▶ [Working data]:

════════════════════

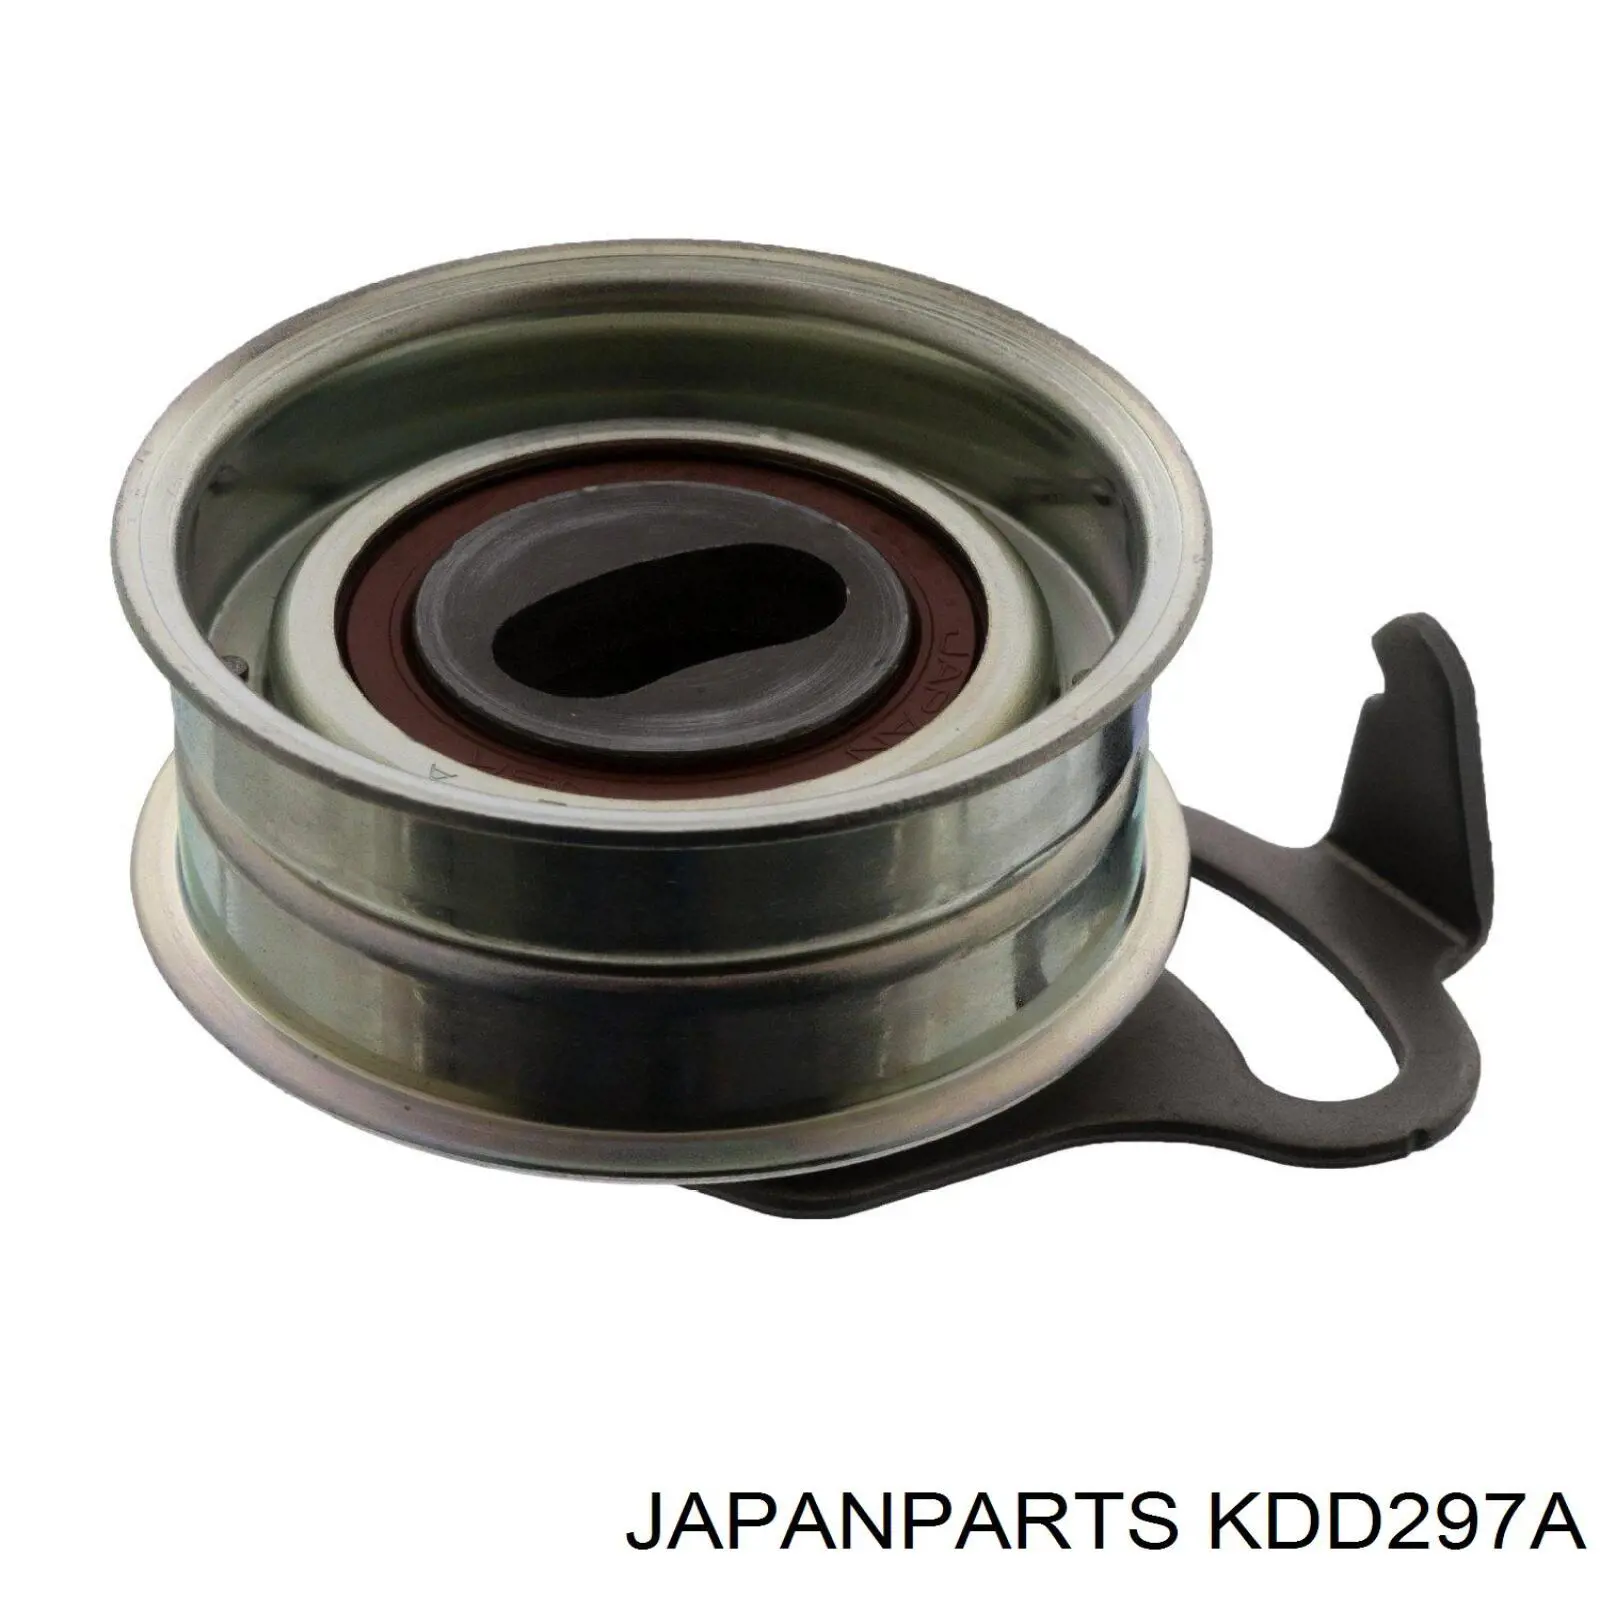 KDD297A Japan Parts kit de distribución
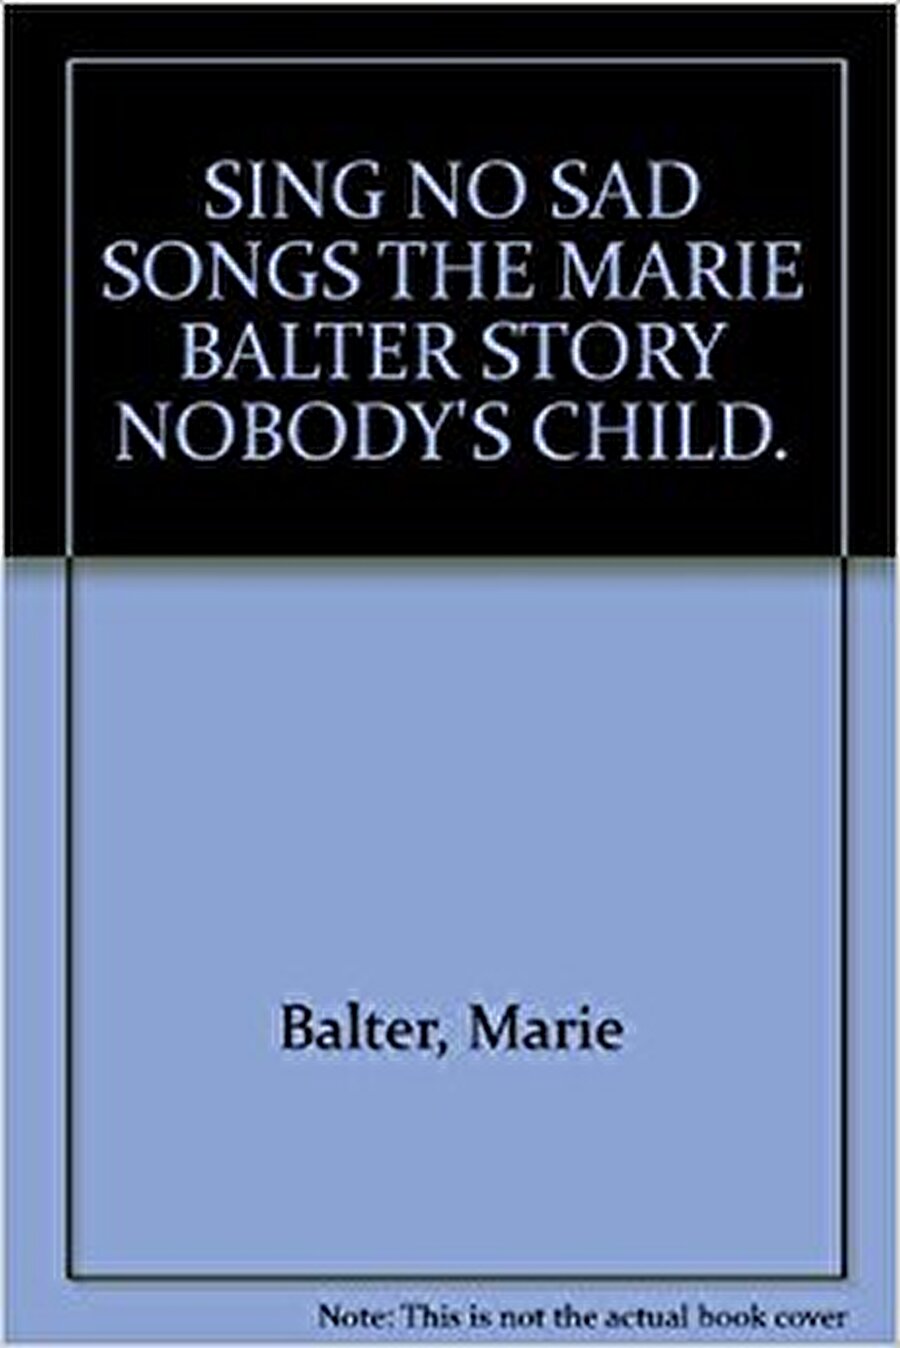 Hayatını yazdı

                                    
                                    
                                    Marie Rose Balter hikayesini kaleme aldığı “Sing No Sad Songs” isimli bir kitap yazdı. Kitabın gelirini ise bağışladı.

════════════════════

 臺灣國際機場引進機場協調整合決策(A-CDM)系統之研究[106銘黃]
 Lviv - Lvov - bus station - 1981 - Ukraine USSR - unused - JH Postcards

════════════════════

▶ [Activity]: I'd like the lines above from the one with "臺灣國際機場引進機場協調整合決策(A-CDM)系統之研究[106銘黃]" up to and including the one with "Lviv - Lvov" copied exactly, with no other lines.

▶ [Exercise output]:
 臺灣國際機場引進機場協調整合決策(A-CDM)系統之研究[106銘黃]
 Lviv - Lvov - bus station - 1981 - Ukraine USSR - unused - JH Postcards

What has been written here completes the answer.